"POETICIDADES E OUTRAS FALAS"
RUBENS DA CUNHA


Reside em Joinville, SC. Autor de "Campo Avesso" e "Visitações do Humano". Acadêmico de Letras. Escreve semanalmente no Jornal A Notícia e coordena o Grupo de Poetas Zaragata. Na Web tem o e-book: "A busca entre o vazio", disponível para download,
na URL: <http://www.arcosonline.com/index.php?option=content&task=view&id=146&Itemid=>.
Blog "Casa de Paragens": <www.casadeparagens.blogspot.com>.

Coluna de 9/8/2008
(próxima coluna: 26/8)

De corpo e alma

Em 2005, Regina Casé, numa série de reportagens para o Fantástico intitulada “Mercadão do Sucesso”, acompanhou alguns artistas populares que, à margem da mídia estabelecida no eixo Rio-São Paulo, conseguem arrastar multidões para shows, além de terem uma expressiva vendagem de discos. O programa foi ótimo. Toda aquela presença de espírito de Regina humanizou alguns tipos bem excêntricos.
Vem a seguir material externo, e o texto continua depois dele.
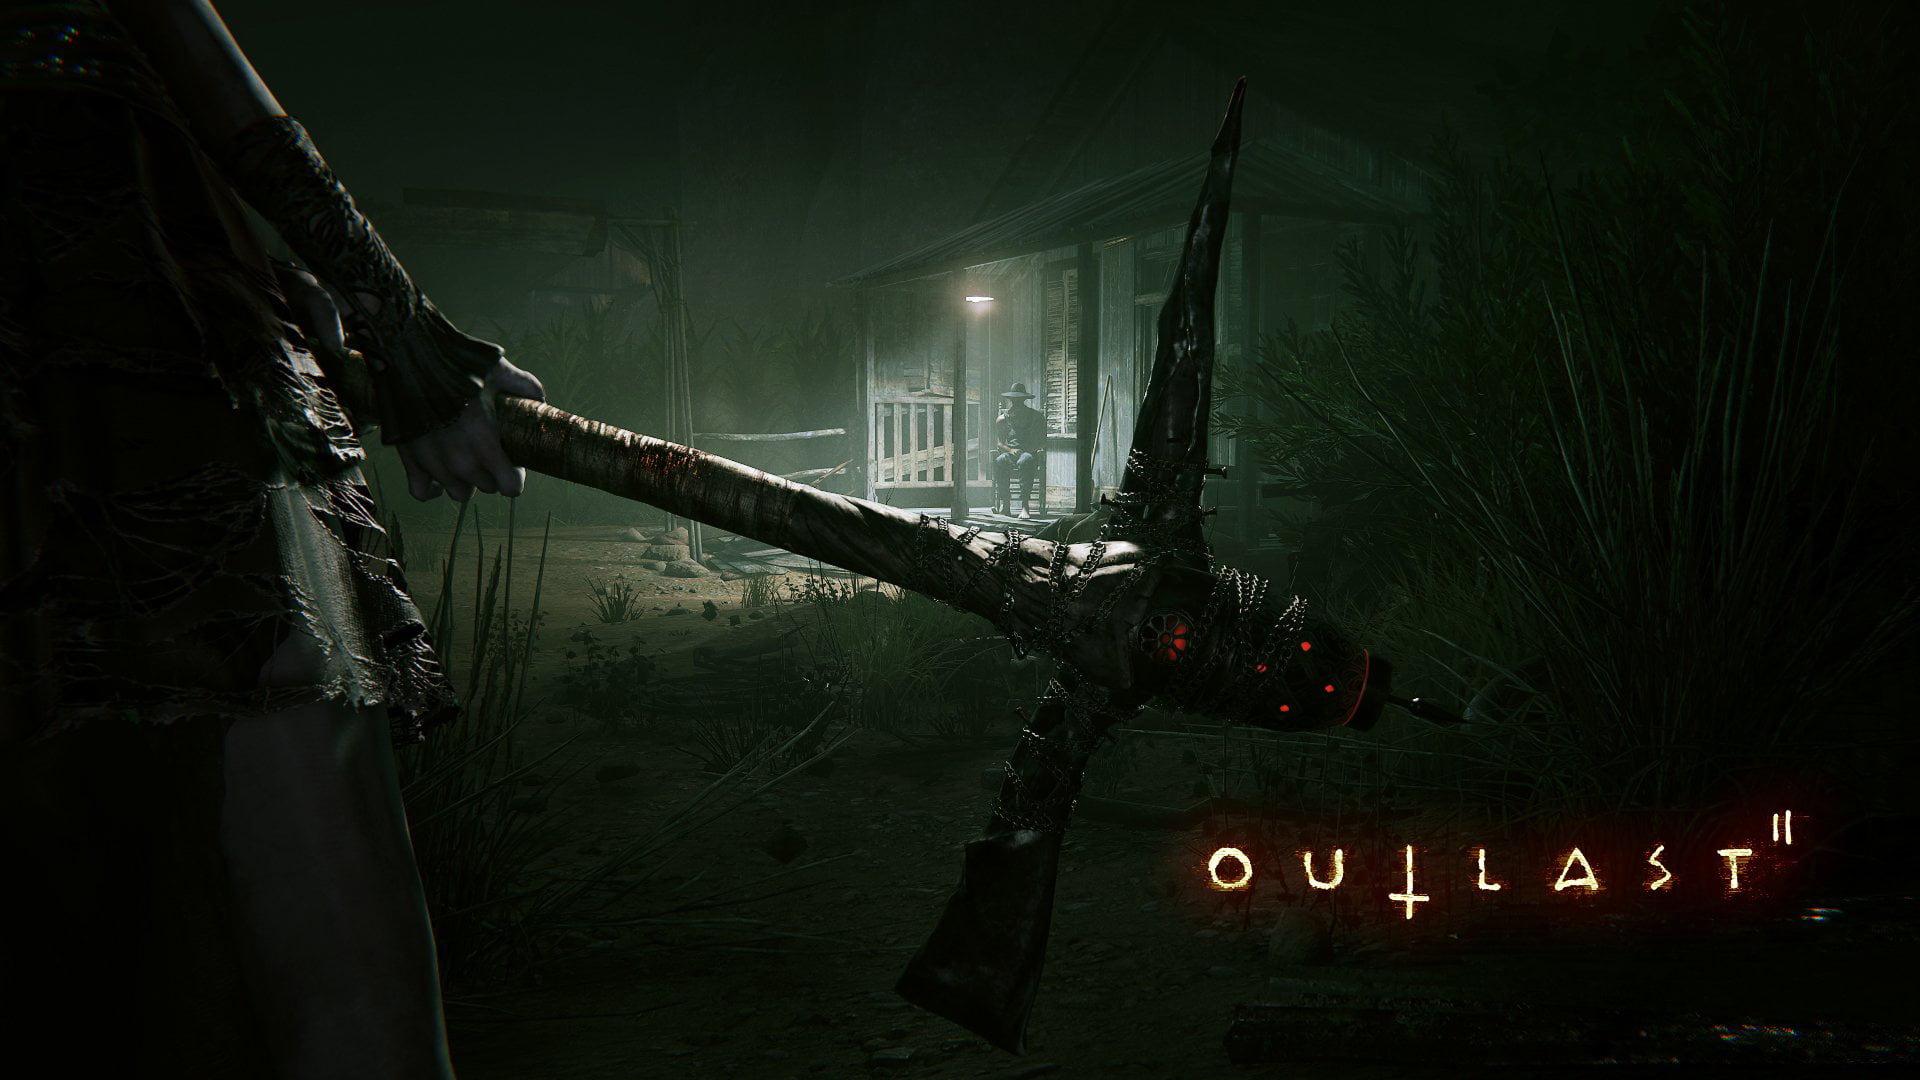 outlast 2, games, 2017 games, night, illuminated, architecture

Depois disso, os programas populares de televisão encheram as tardes de domingo com esses conjuntos e bandas. O que era um fenômeno da periferia cultural brasileira foi assimilado pelo sistema e disseminado para todas as outras regiões. O melhor exemplo disso é a banda Calypso. Não raro, podemos ver aqui em Santa Catarina uma garotinha com um daqueles sobrenomes germânicos impronunciáveis dominando a coreografia rebolante da cantora Joelma.
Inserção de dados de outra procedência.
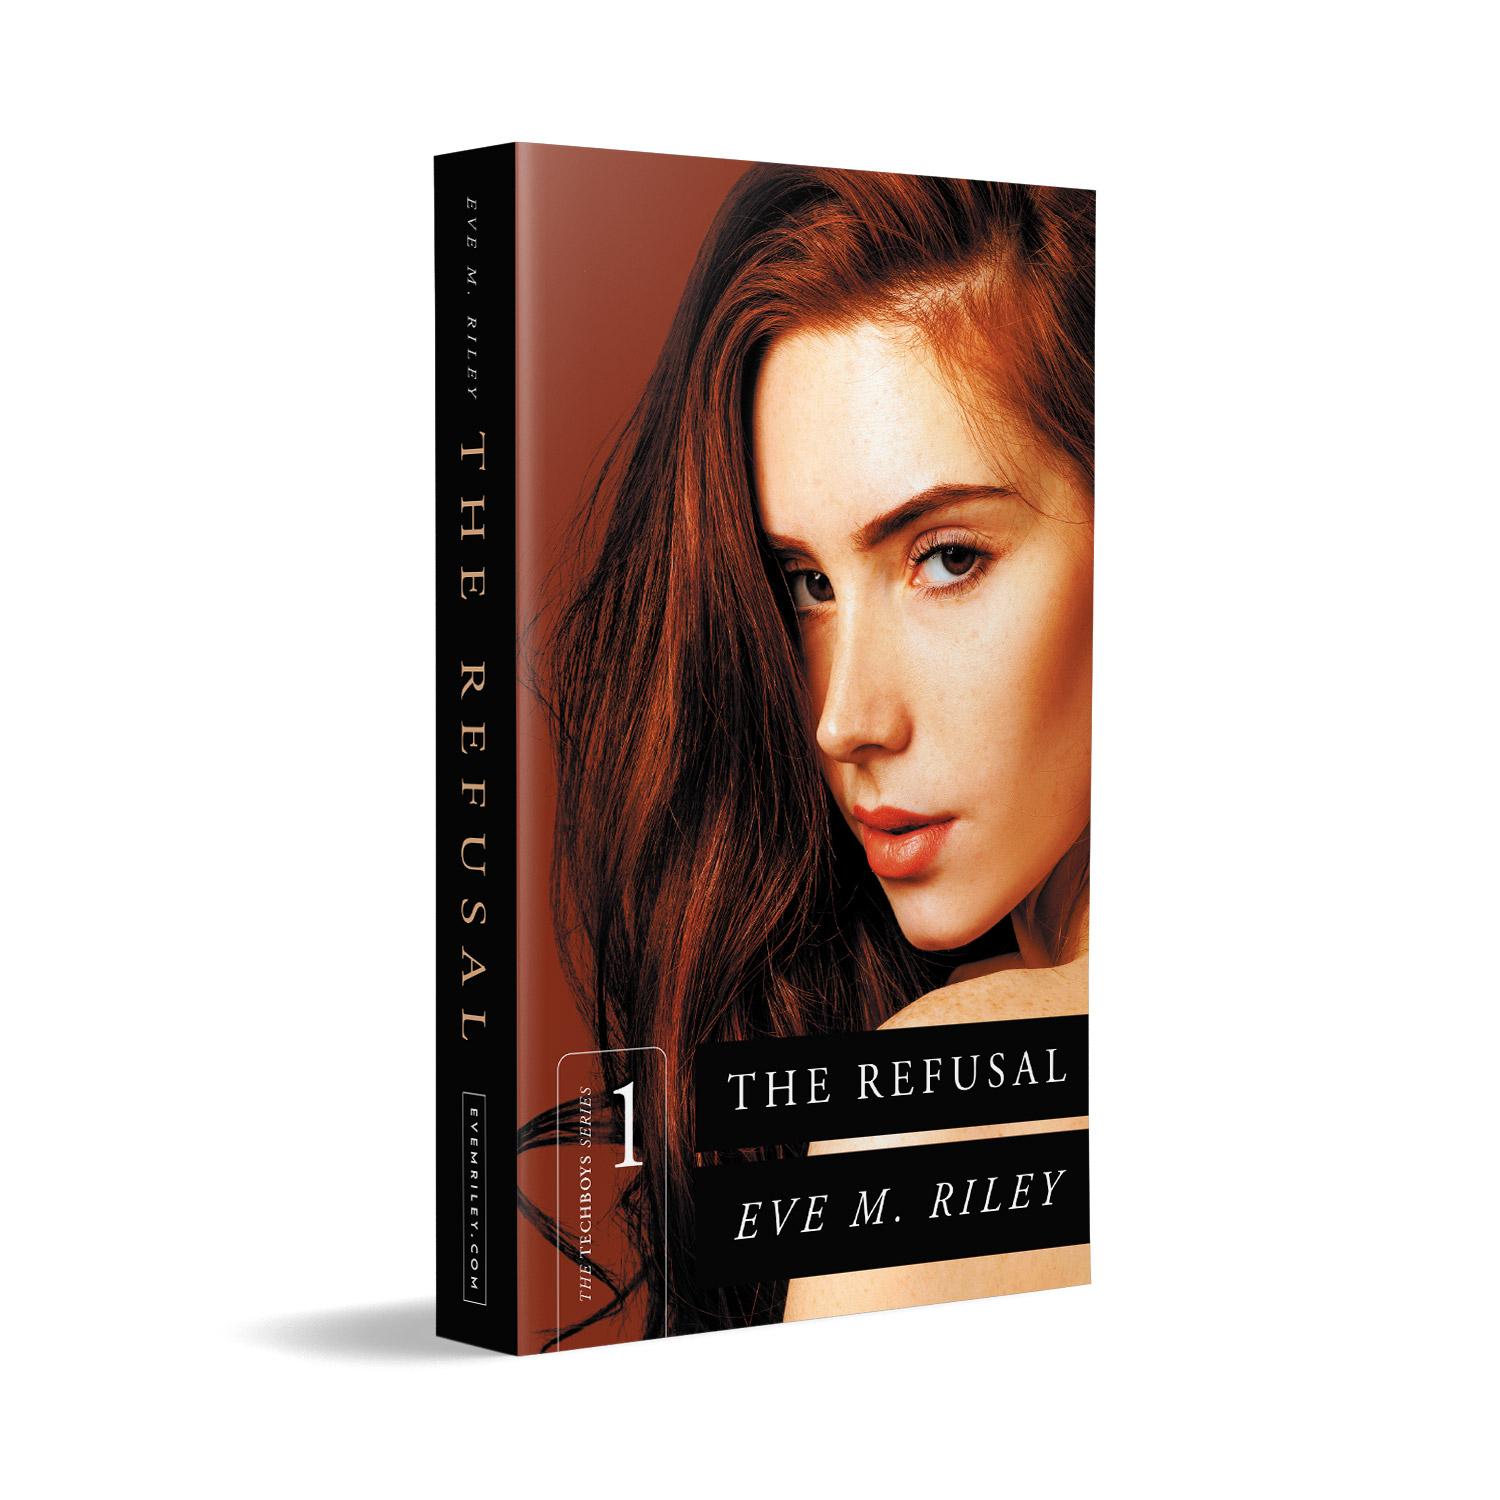 'The Refusal' is the first instalment in an electrifying modern romance series by Eve M. Riley. The book cover design & interior formatting are by Mark Thomas. To learn more about what Mark could do for your book, please visit coverness.com.

Por força da tradição familiar, e por vontade mesmo, às vezes incorporo uma Regina Casé e invado este universo musical alijado da mídia e, principalmente, do bom gosto musical dos bem pensantes. Trata-se de um mundo paralelo à cultura dita séria. Para entender a dinâmica deste mundo é necessário esquecer conceitos pré-estabelecidos do que seja bom ou ruim artisticamente.
Aqui na região Sul uma das bandas mais longevas e de maior sucesso é a Corpo e Alma. Eles são over, como convém a toda banda popular. Roupas estilizadas, cabelos estranhos e uma música capaz de por um salão abaixo, durante mais de cinco horas. As músicas são aceleradas, algumas letras são tão absurdas que chegam às raias do nonsense. No site da banda podemos ver que ele se auto-denominam “A Banda Katchaquera”, seja lá o que isso quer dizer. Sei apenas que katchaquera é parte do refrão de uma destas musiquinhas chicletes que ficam martelando por horas: “Katchaquera, Katchaquera, rainha da noite, deusa do amor, bailando Katchaca te entreguei meu coração.”
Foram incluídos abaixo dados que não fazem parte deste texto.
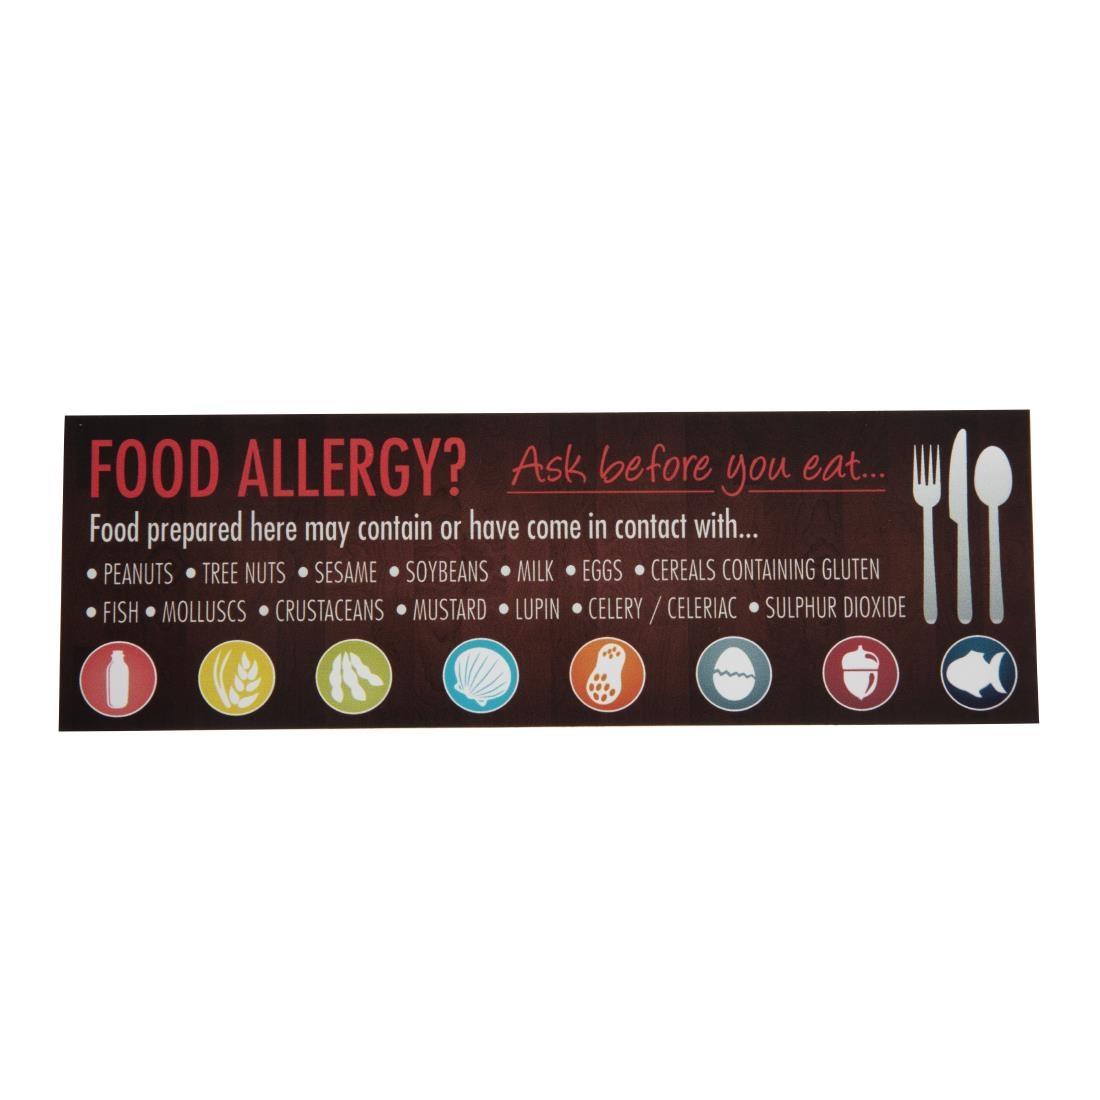 Food Allergen Window and Wall Stickers (Pack of 8) - GM818  - 7

A banda arrasta uma multidão de tipos bem cinematográficos, almodovarianos mesmo. As mulheres exuberam-se nos decotes, botas, minissaias. Muito brilho e maquiagem. No último baile que fui com Corpo e Alma havia uma moça como que possuída na frente da caixa de som. Ela dançava sozinha, música após música aquela mulher transcendia. Interessante ver também os casais que já passaram dos quarenta dançando feito adolescentes apaixonados.
Num baile popular feito pelo Corpo e Alma e por bandas semelhantes há sempre uma sensualidade explícita. De dia, provavelmente, os freqüentadores são recatadas empregadas domésticas, operárias, mecânicos, borracheiros. Gente anônima que sustenta o País e que num sábado à noite extravasa tudo num baile.
Não estou falando de bom gosto, de requinte musical e artístico. Falo de liberdade, da alegria simples e descompromissada da gente do povo. A verdadeira cara do Brasil.